Shift Variance in Scene Text Detection
This addresses a critical issue for scene text detection systems, where inconsistent responses to text position shifts can degrade performance, though the improvements are incremental.
The paper tackles the problem of shift variance in scene text detection, where convolutional neural networks fail to maintain consistent spatial responses to shifted inputs, and shows that small architectural changes and smoothing filters can substantially improve shift consistency on common datasets.

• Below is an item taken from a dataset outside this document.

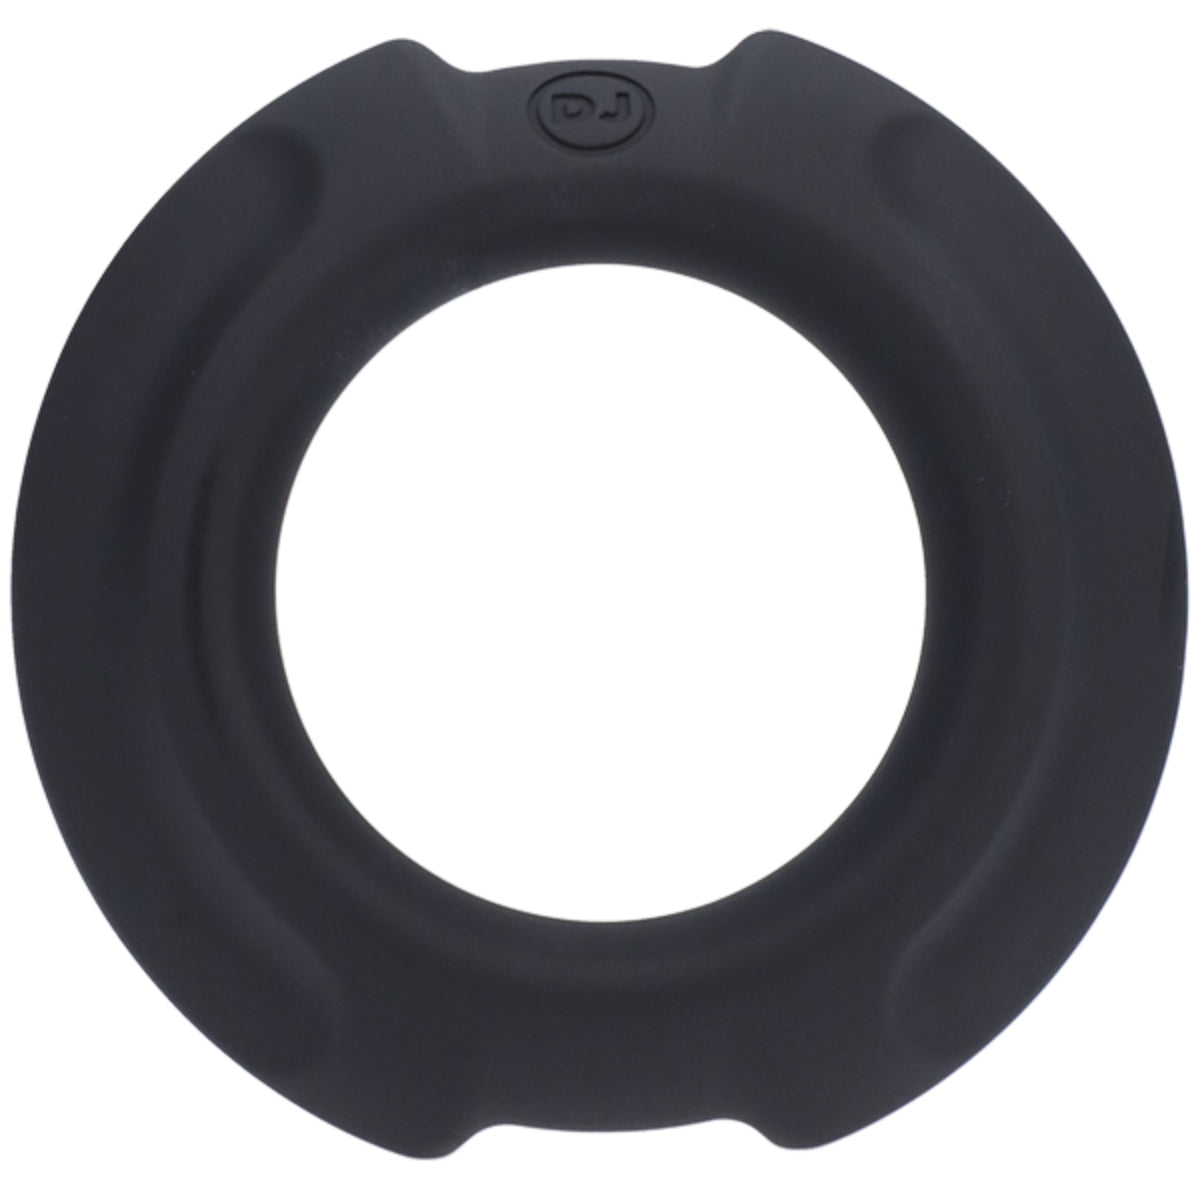 OptiMALE FlexiSteel Silicone Metal Core Cock Ring Black 35mm
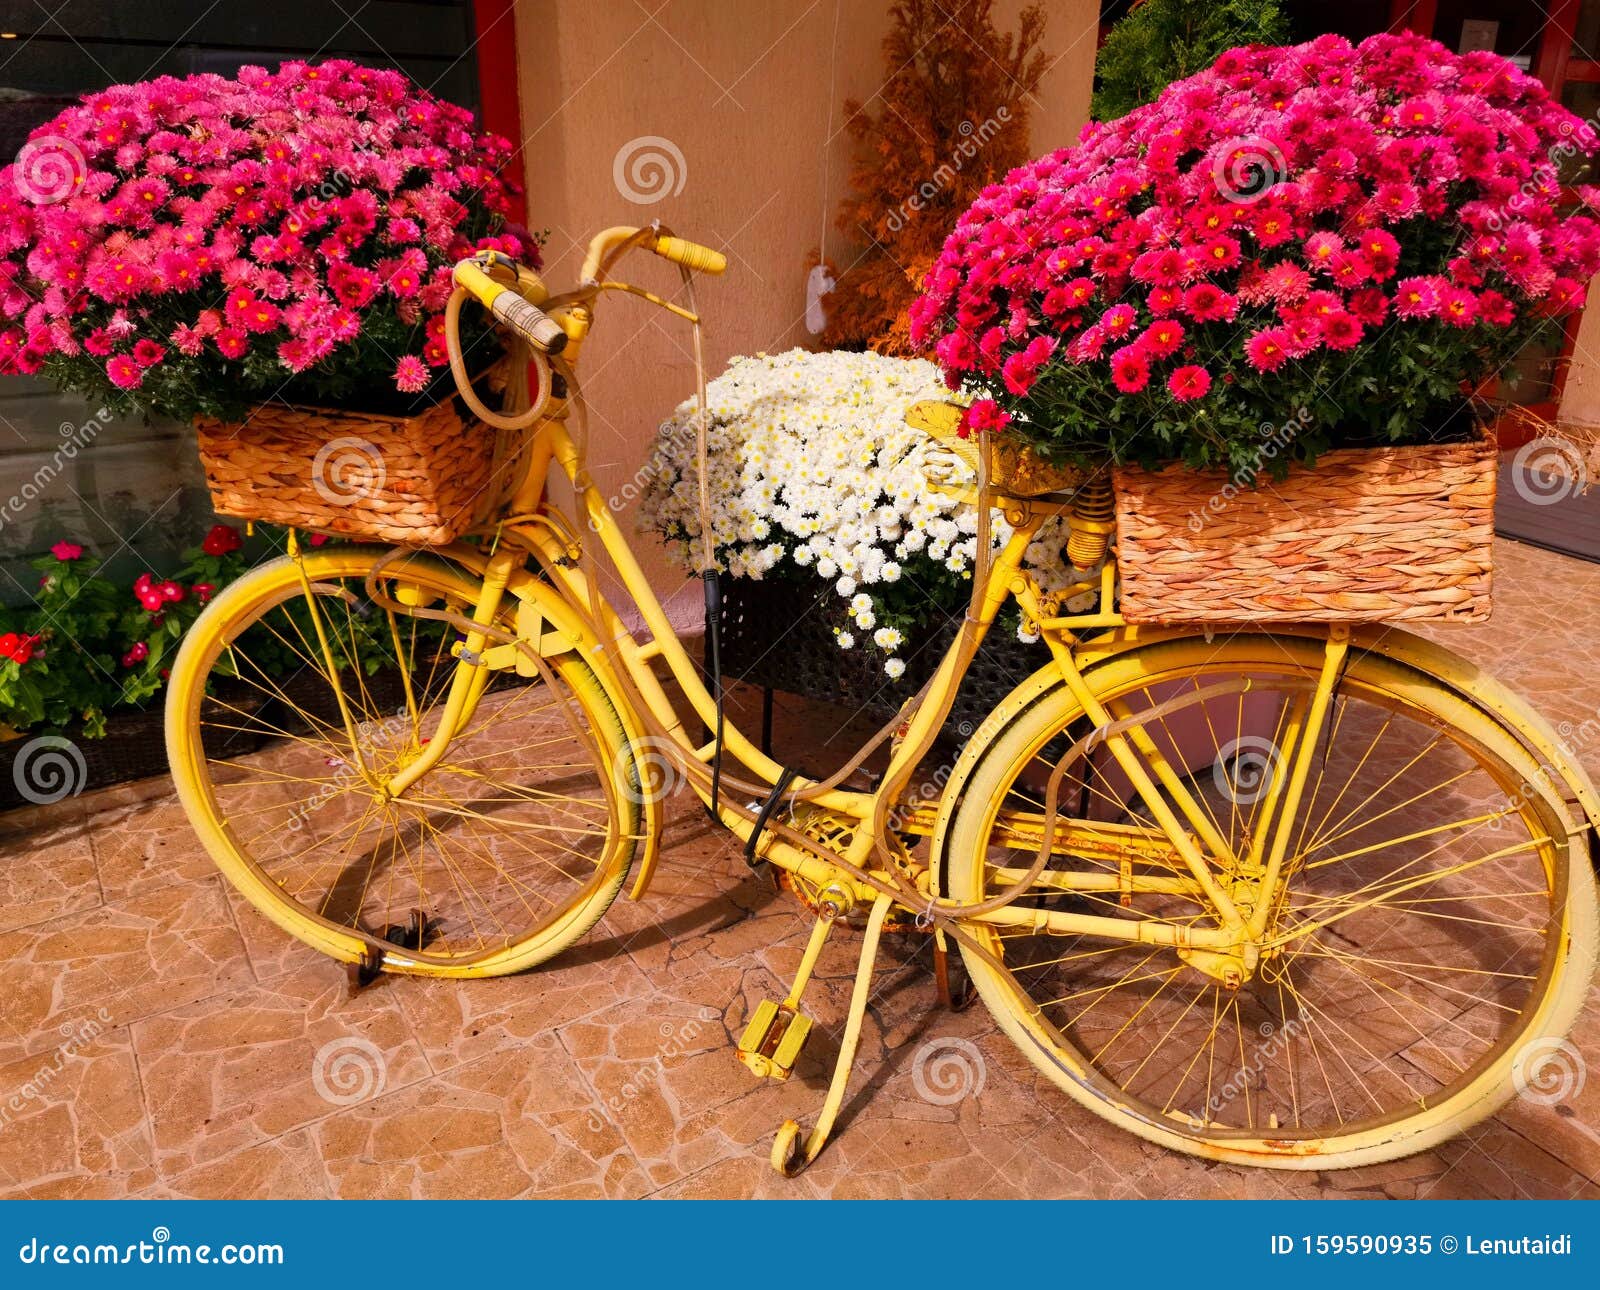 Details about   Italy Vintage Miniature Bicycle with Flower Basket Made of 80% Silver

Theory of convolutional neural networks suggests the property of shift equivariance, i.e., that a shifted input causes an equally shifted output. In practice, however, this is not always the case. This poses a great problem for scene text detection for which a consistent spatial response is crucial, irrespective of the position of the text in the scene. Using a simple synthetic experiment, we demonstrate the inherent shift variance of a state-of-the-art fully convolutional text detector. Furthermore, using the same experimental setting, we show how small architectural changes can lead to an improved shift equivariance and less variation of the detector output. We validate the synthetic results using a real-world training schedule on the text detection network. To quantify the amount of shift variability, we propose a metric based on well-established text detection benchmarks. While the proposed architectural changes are not able to fully recover shift equivariance, adding smoothing filters can substantially improve shift consistency on common text datasets. Considering the potentially large impact of small shifts, we propose to extend the commonly used text detection metrics by the metric described in this work, in order to be able to quantify the consistency of text detectors.